В феврале 1856 года столицу навестили Лев Голицын, с которым он встречался в Варшаве, и старинный друг Фирс, который тоже теперь жил в Польше{526}. Они провели приятный вечер у Дмитрия Ивановича Нарышкина. В великосветском вечере участвовала Прасковья Бартенева. Пели и играли на цитре. Глинка показывал свои опыты в церковной музыке. Все остались «многодовольны»[709].
К Глинке стал ходить юноша Владимир Никитич Кашперов (1827–1894), с которым он познакомился у Даргомыжского зимой 1855/56 года. Впервые к Михаилу Ивановичу пришел учиться именно композитор. Он стал называть Кашперова нежно и с юмором «Figlio carissimo», то есть «дражайший сын» на итальянском, а свои письма к нему подписывать «ваш верный Vaterchen», то есть «папочка» или «батюшка» на немецком.
Глинка звал его с собой в зарубежную поездку. «Как было бы хорошо нам вместе! — восклицал он. — Только один раз в жизни я испытал счастие путешествовать с добрым, образованным другом»[710]. Речь идет о Евгении Штериче.
— А как же остальные сопровождающие?! — может воскликнуть читатель.
Глинка отвечал на этот невольно возникающий вопрос так: «…все мои товарищи во время странствий более принадлежали к разряду дядек и экономов»[711].
Продолжались его отношения с Леоновой. Она должна была выступать с концертом в Москве, чему радовался композитор и активно участвовал в его устройстве. Он знал, что в театрах у Леоновой не складывалась карьера, ее не любили за прямоту и несговорчивость. Теперь она решила уделять больше времени сольной деятельности.
Для концерта своей пассии Глинка заново инструментовал «Вальс-фантазию», как он сообщал, с «нарочитым усовершенствованием»[712]. Теперь инструменты образовывали более легкую и воздушную музыкальную ткань, в ней нет «никакого расчета на виртуозность (кою решительно не терплю)»[713], — указывал композитор.
Глинка хлопотал о переписке нот своих сочинений для исполнителей и даже давал письменные комментарии для правильной интерпретации, отправляя их в письмах Булгакову.
Московская премьера «Молитвы» и «Вальса-фантазии» прошла успешно. Леоновой рукоплескали. О ней писали в газете «Ведомости Московской городской полиции»: «Эта молодая певица своим чудным, задушевным, обширным и прекрасно обработанным голосом привела публику, бывшую в ее концерте, в совершенный восторг. Для этой певицы, по обширности и хорошей обработке ее голоса, равно доступны и партии контральто, и сопрано, и итальянская ария, и русская песня»[714]. Она дала еще один сольный концерт, в нем участвовал известный в Москве бас Вильгельм Ферзинг.

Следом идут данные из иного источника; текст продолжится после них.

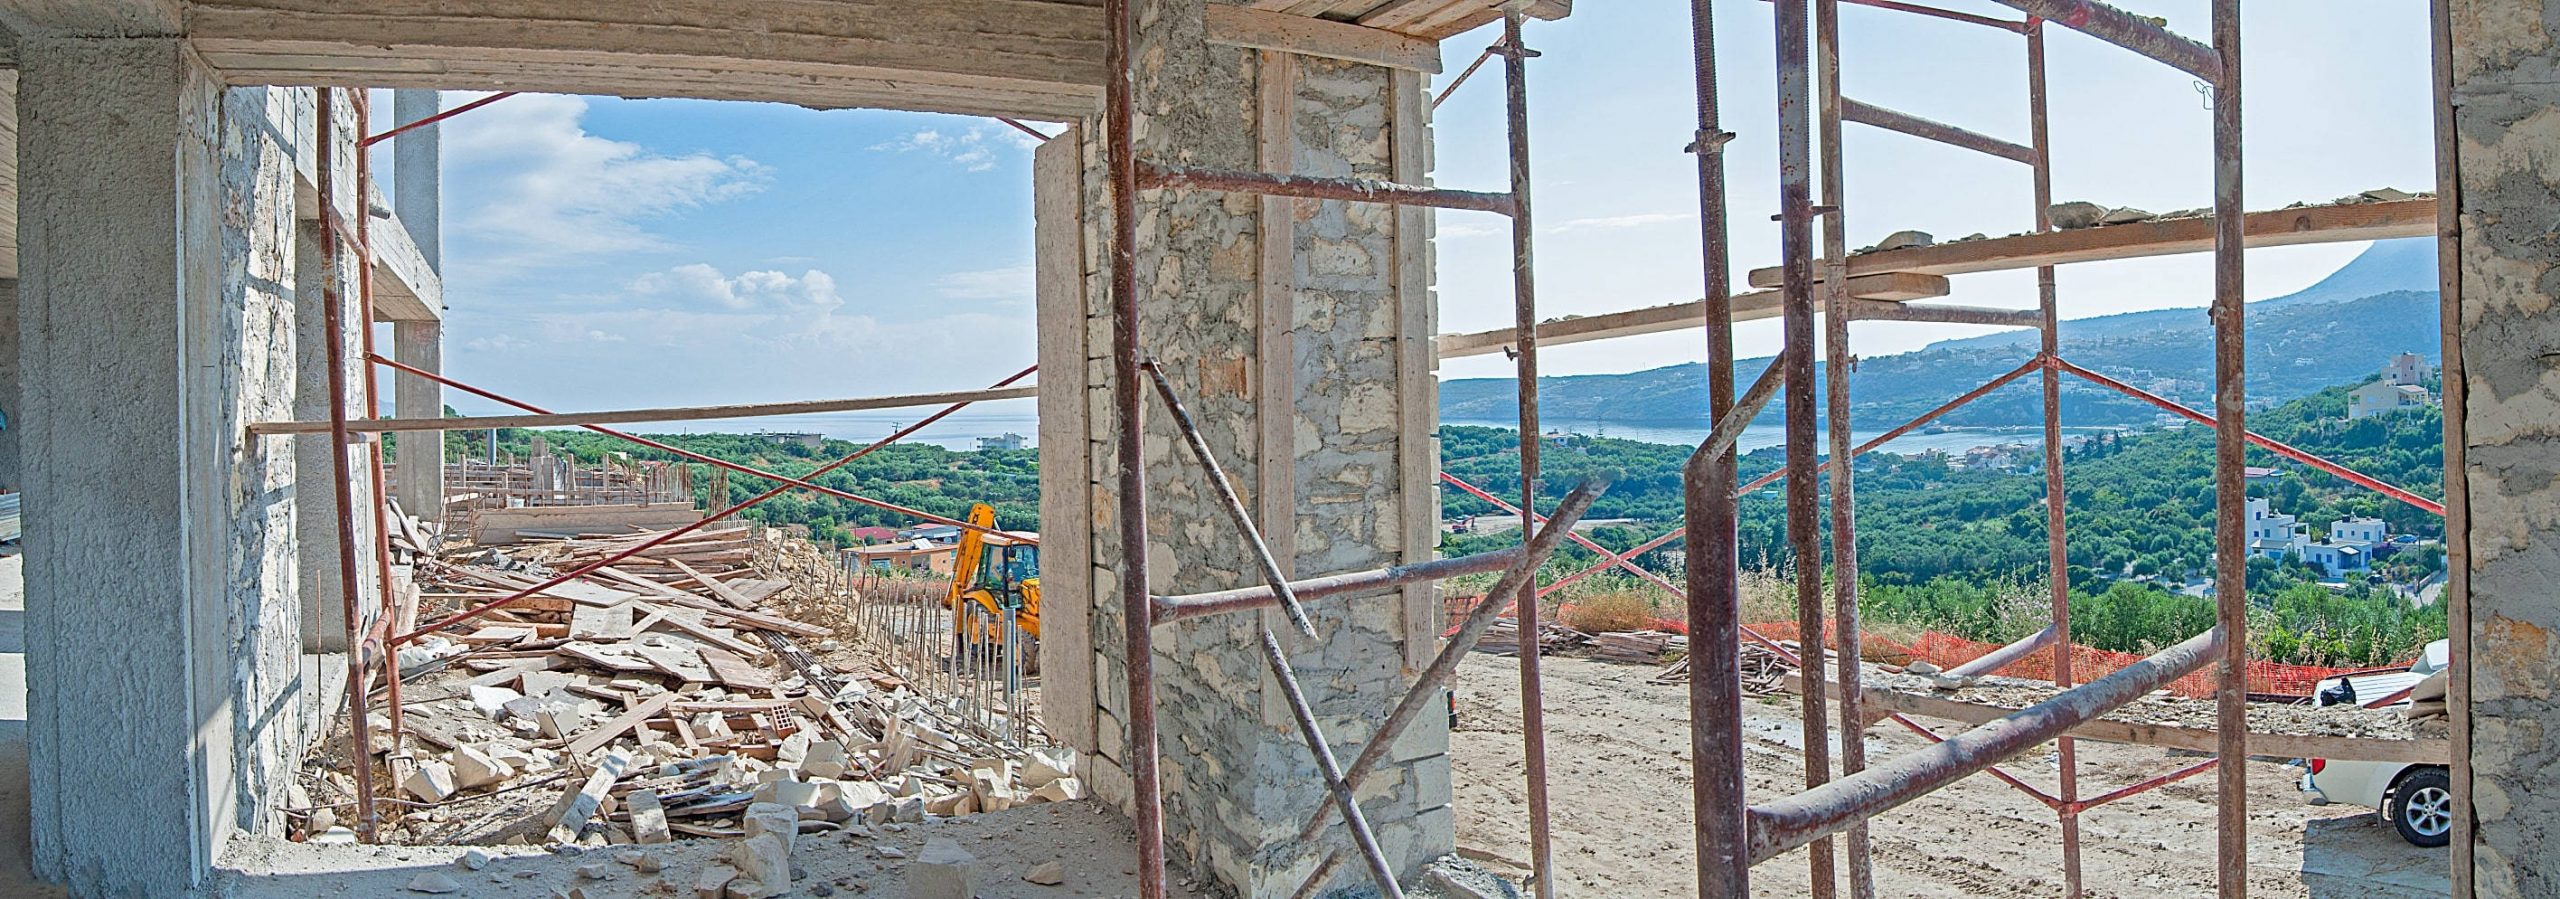 αποπεράτωση κατοικίας και ανακαίνιση σπιτιού Χανιά Κρήτης- Κυριακίδης

17 марта 1856 года Глинка написал последний романс «Не говори, что сердцу больно» на стихи Николая Павлова, давнишнего своего приятеля{527}.
Хотя композитор уже давно отказался от сочинений в этом жанре, но на этот раз он поддался напору автора текста, который его буквально преследовал. Кроме того, Михаил Иванович ощущал близость стихотворения Павлова к своему нынешнему состоянию. В них разочарованный романтик дает советы слушателю, высказываясь против света и общественного мнения.
Новое сочинение значительно отличается от всего, прежде созданного в этом жанре. Аккомпанемент графичен, в нем как будто передается унисонная оркестровая линия, напоминающая о Глюке и его хоре фурий из «Орфея». А главная интонация — широкий резкий диссонанс (интервал ноны), что для прежних сочинений Глинки, в которых главенствовало плавное, удобное для голоса движение, совсем нехарактерно и непривычно, как и для романсового музыкального языка в целом.